The initial investment for each strategy was set at $\$30,000$, with the assumption of no transaction costs. Over the four-year trading period, portfolios were adjusted daily. Both the recurrent and incremental PPO agents commenced trading with equal weights assigned to each stock on the first trading day. These weights were dynamically adjusted over time based on the strategies learned during their training phases. Throughout the trading period, both strategies demonstrated a preference for assets with historically higher returns, including all available assets in their portfolios. Despite these similarities, the outcomes varied significantly between the two approaches. The recurrent PPO faced substantial losses in 2020, persisting in its strategy of favouring historically high-return assets even as their prices continued to decline. Consequently, the strategy became less effective over time. In contrast, the incremental PPO adapted more effectively to market changes. Particularly during the dramatic shifts brought about by the COVID-19 pandemic, the incremental PPO adjusted by decreasing the weights of previously highly valued stocks. It transitioned to a more balanced approach, assigning nearly equal weights across all stocks and gradually adjusting priorities based on the most recent price changes.

While some portfolios managed under both strategies still incurred losses, the incremental PPO’s approach proved to be more dynamic and successful. It consistently adapted to the evolving market conditions, displaying a superior ability to mitigate risks and capture opportunities, in contrast to the more static strategy of the recurrent PPO.

7. Conclusions

The study presented in this paper assessed the efficacy of an incrementally trained recurrent proximal policy optimisation (PPO) agent in tackling the portfolio optimisation problem within a simulated financial market. PPO, a policy-based reinforcement learning algorithm, utilises dual neural networks to estimate policy functions and evaluate actions. A long short-term memory (LSTM) network was employed to decode the financial state from historical asset prices over a 252-day window, ensuring a focus on the most recent and relevant information.

The recurrent PPO algorithm was benchmarked against conventional portfolio strategies and demonstrated its ability to identify optimal portfolios. However, the inherent volatility and susceptibility to drifts in financial markets, often triggered by factors like economic news, social media influences, or global pandemics, adversely impacted its performance. Notably, the COVID-19 outbreak significantly undermined the recurrent PPO’s effectiveness. In response, the algorithm was incrementally trained to better adapt to sudden market changes. This adaptive approach allowed the incremental PPO to consistently generate superior portfolios, outperforming not only the standard PPO but also the minimum variance model and the DJIA index by a considerable margin.

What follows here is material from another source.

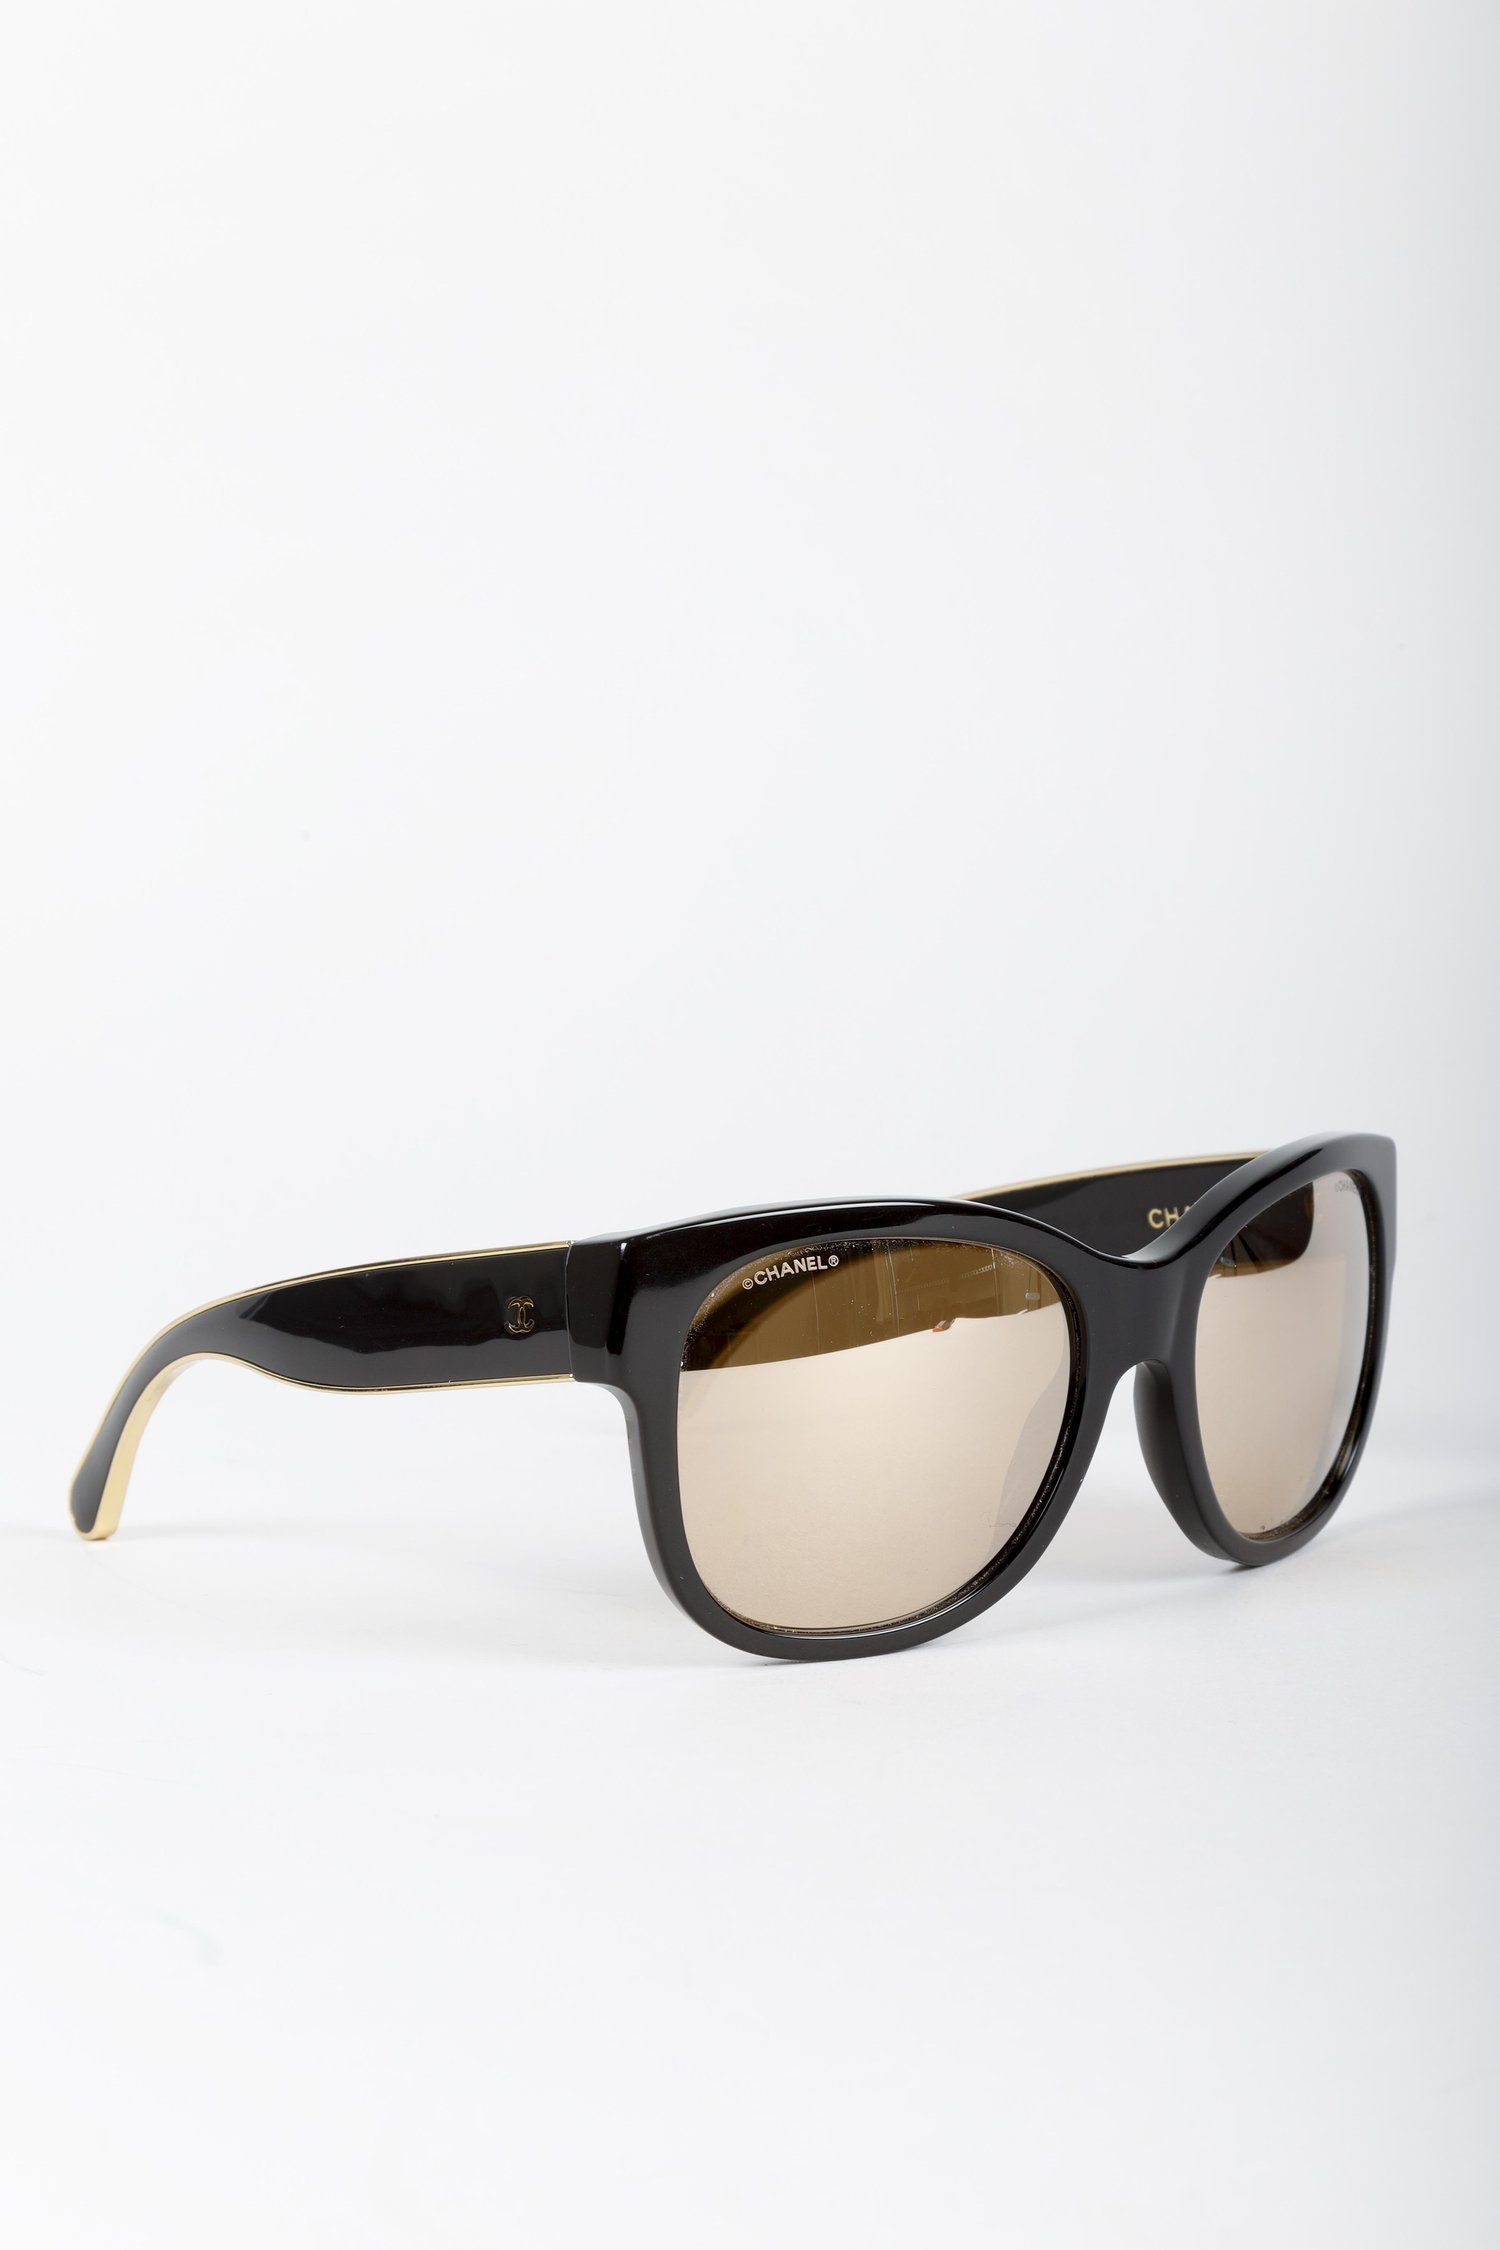 Chanel Designer Sunglasses 6016-501 in Black with Grey Lens - Speert  International

Limitations and future work. Despite the improved performance of the incremental PPO, its susceptibility to significant market upheavals highlights a limitation in its current training regime. Future work will focus on enhancing the generalisation of reinforcement learning (RL) for portfolio optimisation across more diverse market conditions. Employing transfer learning is anticipated to significantly improve the sample efficiency of RL agents, potentially revolutionising how portfolio management is approached in dynamically changing environments. The proposed incremental recurrent RL approach was evaluated on a limited number of assets and compared with the DJIA and the mean-variance model as classical approaches used in portfolio optimisation. In addition, it was also compared with a non-incremental recurrent RL approach to show the benefit of incremental learning to a recurrent RL implementation. Future work will include wider comparisons with alternative approaches to portfolio optimisation.